«Il problema fondamentale della “libertà” e della “necessità” entra in una fase nuova», scriveva Ernst Cassirer a proposito del mirabile incontro, nel Rinascimento, di teoria dell’arte e scienze della misura, incarnato dalla figura dell’Idiota di Cusano. Anche per l’«architectus Deus» di Pico e per quell’opus indiscretae imaginis che è l’uomo, «l’antinomia libertà-necessità si tramuta in una correlazione», cosicché «nella necessità dell’oggetto l’io si riconosce, conosce le forze e la direzione della sua spontaneità» (Cassirer 1927, pp. 226-2271Cassirer, E. (1927) Individuum und Kosmos in der Philosophie der Renaissance, Leipzig: Teubner (trad. it. 1935, Individuo e cosmo nella filosofia del Rinascimento, Firenze: La Nuova Italia).). La presa di coscienza di un’originaria funzione formatrice determina, anche nella prospettiva pichiana e nel suo “irregolare concordismo”, un nuovo concetto di natura e di legge naturale: non il puro opposto alla libertà dell’io, ma, per usare ancora Cassirer, «il termine, al quale sono dirette tutte le forze produttive, tutte le forze veramente attive dell’io, e nel quale esse trovano il loro proprio e concreto inveramento».

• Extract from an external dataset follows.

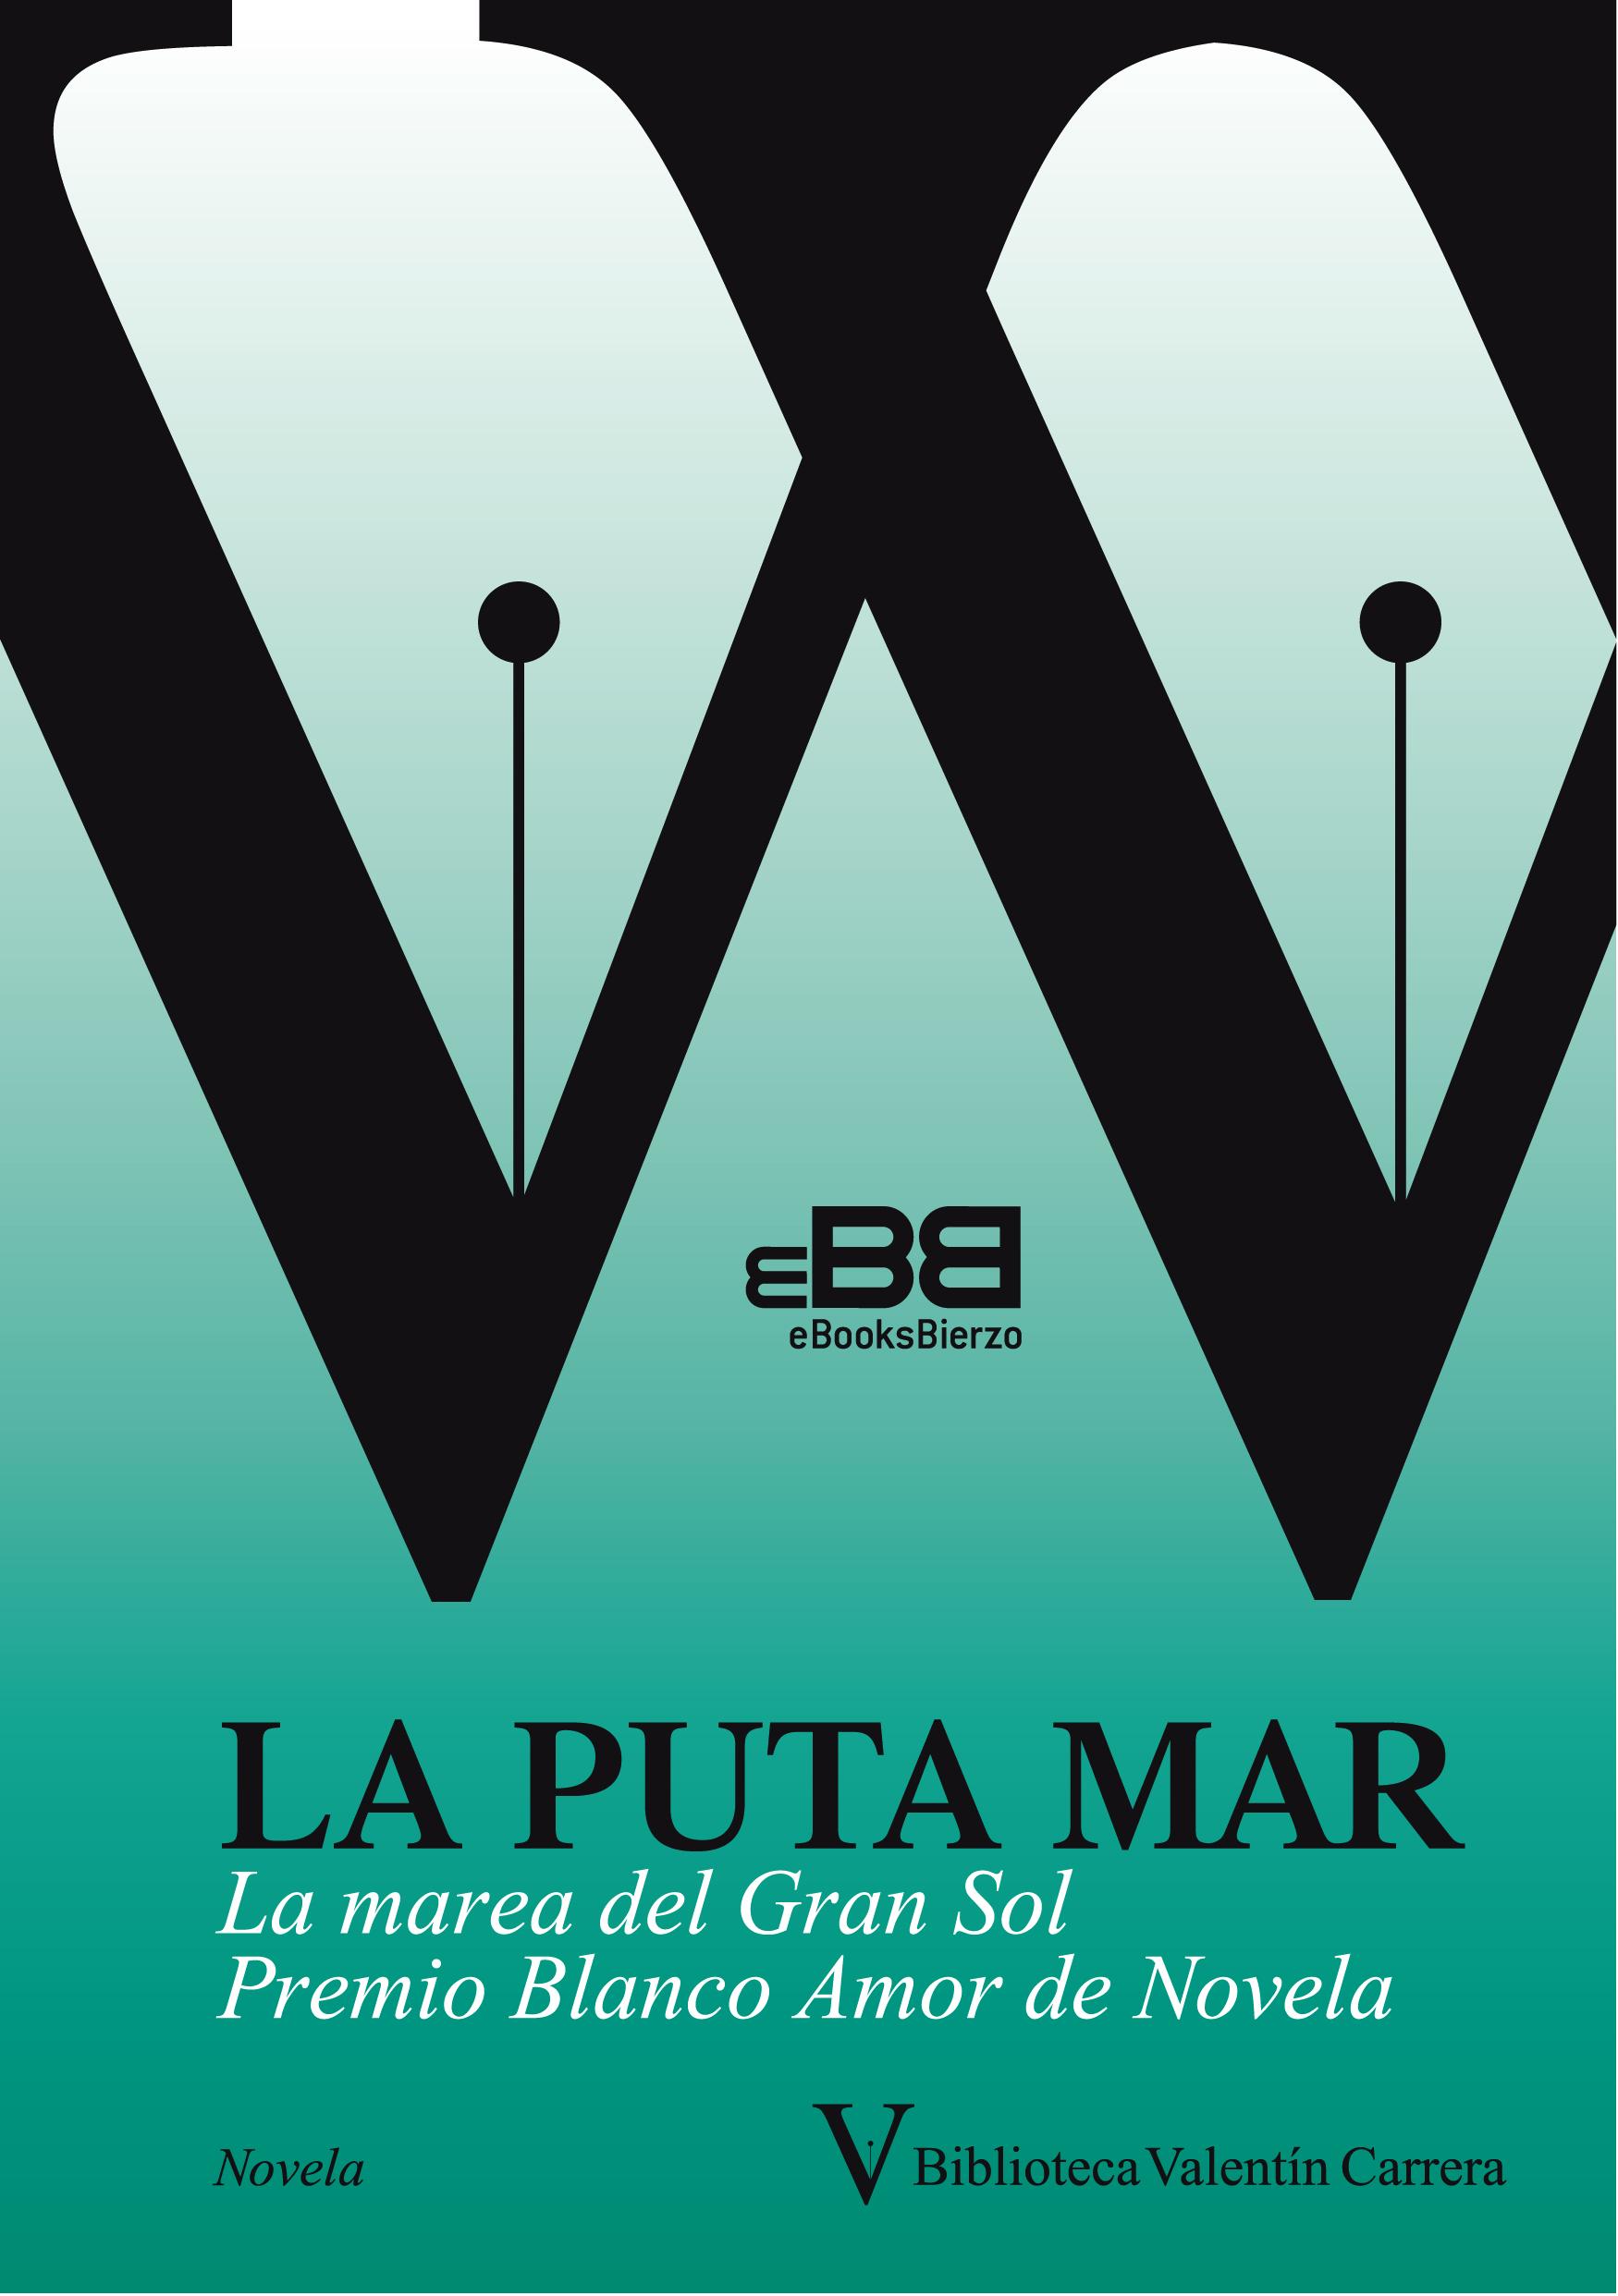 La puta mar (novela)
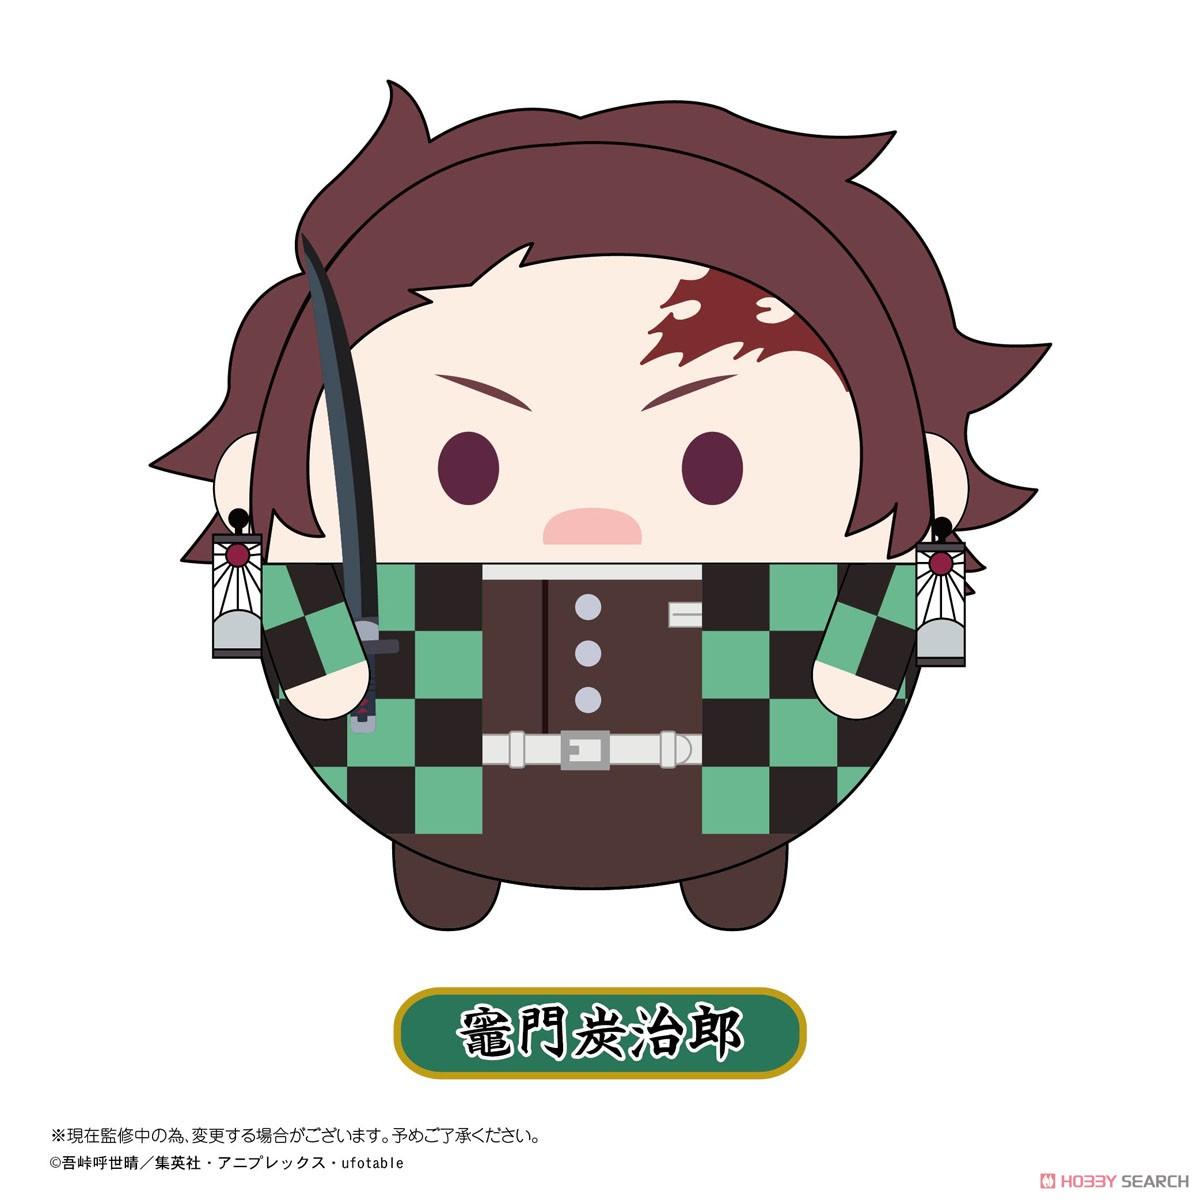 鬼滅の刃『ふわコロりん4』8個入りBOX-001

Nelle Leggi Pletone chiariva il nesso tra lo spazio dell’agire morale e la duplicità ontologica dell’uomo: «è impossibile che l’uomo non pecchi mai, poiché è composto da due nature, una divina, e l’altra mortale» (Pléthon 1966, p. 772Pléthon, G. G. (1966) Traité des Lois, Amsterdam: A. M. Hakkert Editeur.). Secondo il filosofo di Mistrà l’uomo, in virtù della duplicità ontologica che lo caratterizza, è in grado di partecipare e quindi di conoscere il divino. L’uomo ha una natura umana e una natura divina. La sua libertà è conformità all’ordine che governa il tutto ed egli è capace di raggiungere con la ragione la verità, la conoscenza del Bene e delle cose più alte:
Sebbene la natura divina sia estremamente al di sopra di quella dell’uomo, non si può dire per questo che l’uomo sia condannato a non conoscerla, poiché possiede la ragione e delle facoltà che non sono del tutto estranee alla natura divina (Pléthon 1966, pp. 42-43).

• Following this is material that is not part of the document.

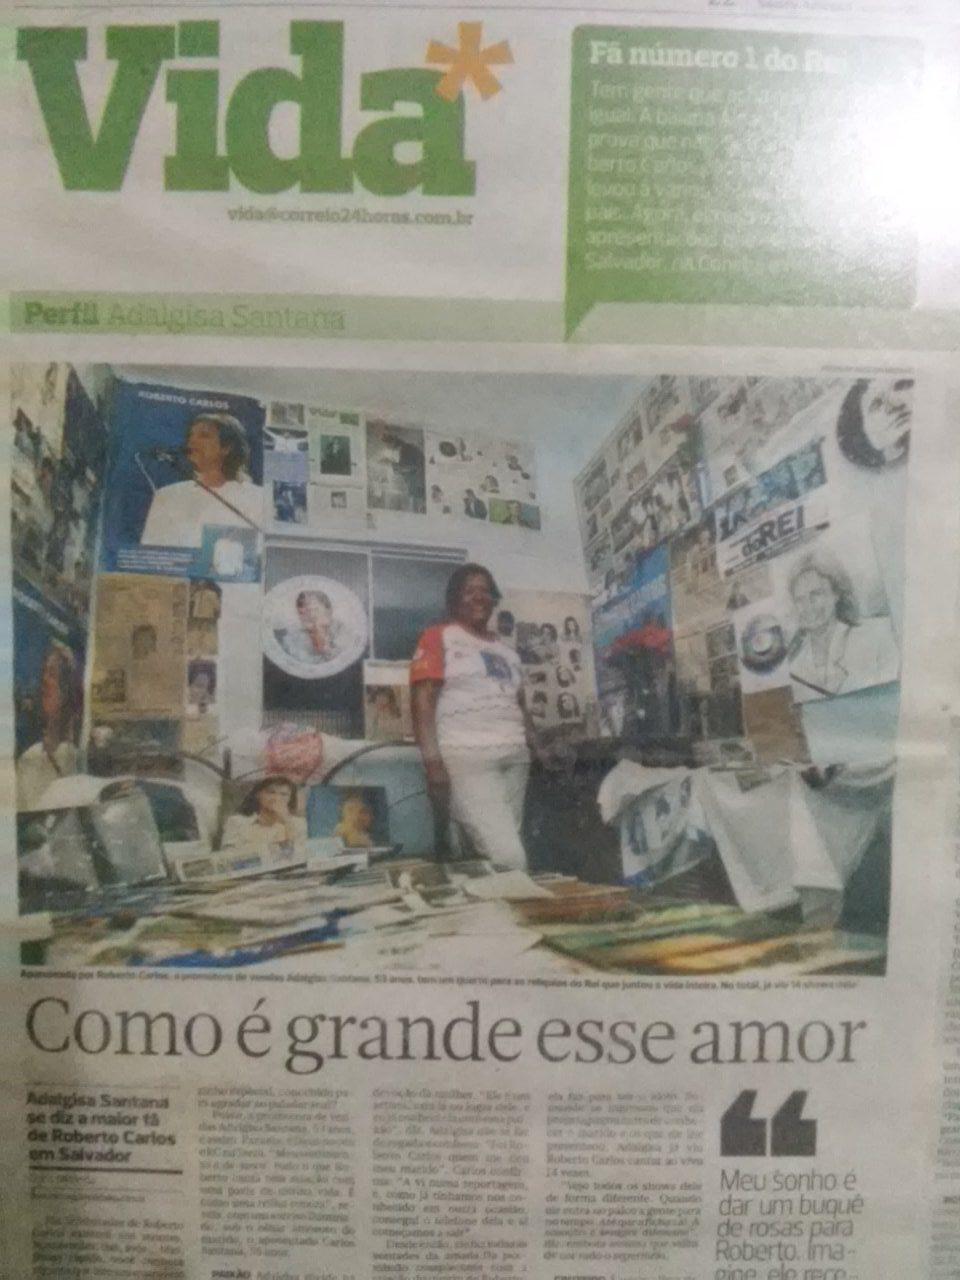 Adalgisa Santana Pereira - O cantinho do Rei,Salvador-Ba.

Se l’uomo pecca è per ignoranza; ma il male che commette non può intaccare l’ordine che regge il cosmo e la storia; non ne pregiudica la salvezza, perché anche il peccare si inserisce in un disegno provvidenziale che interviene a correggere l’esito delle azioni umane: «tutti gli avvenimenti futuri sono fissati dall’eternità, sono posti nel miglior ordine possibile sotto l’autorità di Giove, signore unico e supremo di tutte le cose» (Pléthon 1966, pp. 66-67).
Nell’Oratio di Pico la critica al determinismo di Pletone è tanto netta da mettere in discussione la stessa inflessibilità del piano provvidenziale. L’uomo non è una creatura ancipite, ma semplicemente non-definita, indeterminata (indiscreta); la sua libertà è dedotta dalla sua indeterminatezza ontologica, la quale corrisponde, quantomeno lessicalmente, a un verbo di conoscenza. Più paradossalmente, Pico deduce la libertà umana: a) da un bisogno di Dio (che vi sia un «universi contemplator»), b) da un’imprevidenza del Creatore («consilii inopia»). Questa la successione delle tappe de producendo homine:
Già il Sommo Padre, Dio Creatore, aveva foggiato secondo le leggi di un’arcana sapienza questa dimora del mondo […]. Senonché, conclusa l’opera, all’artefice mancava qualcuno che fosse capace di comprendere appieno (perpenderet) la ragione di un’opera così grande […]. Perciò, portata a termine ogni cosa (come attestano Mosè e Timeo), pensò da ultimo a produrre l’uomo (Pico 1942, p. 105).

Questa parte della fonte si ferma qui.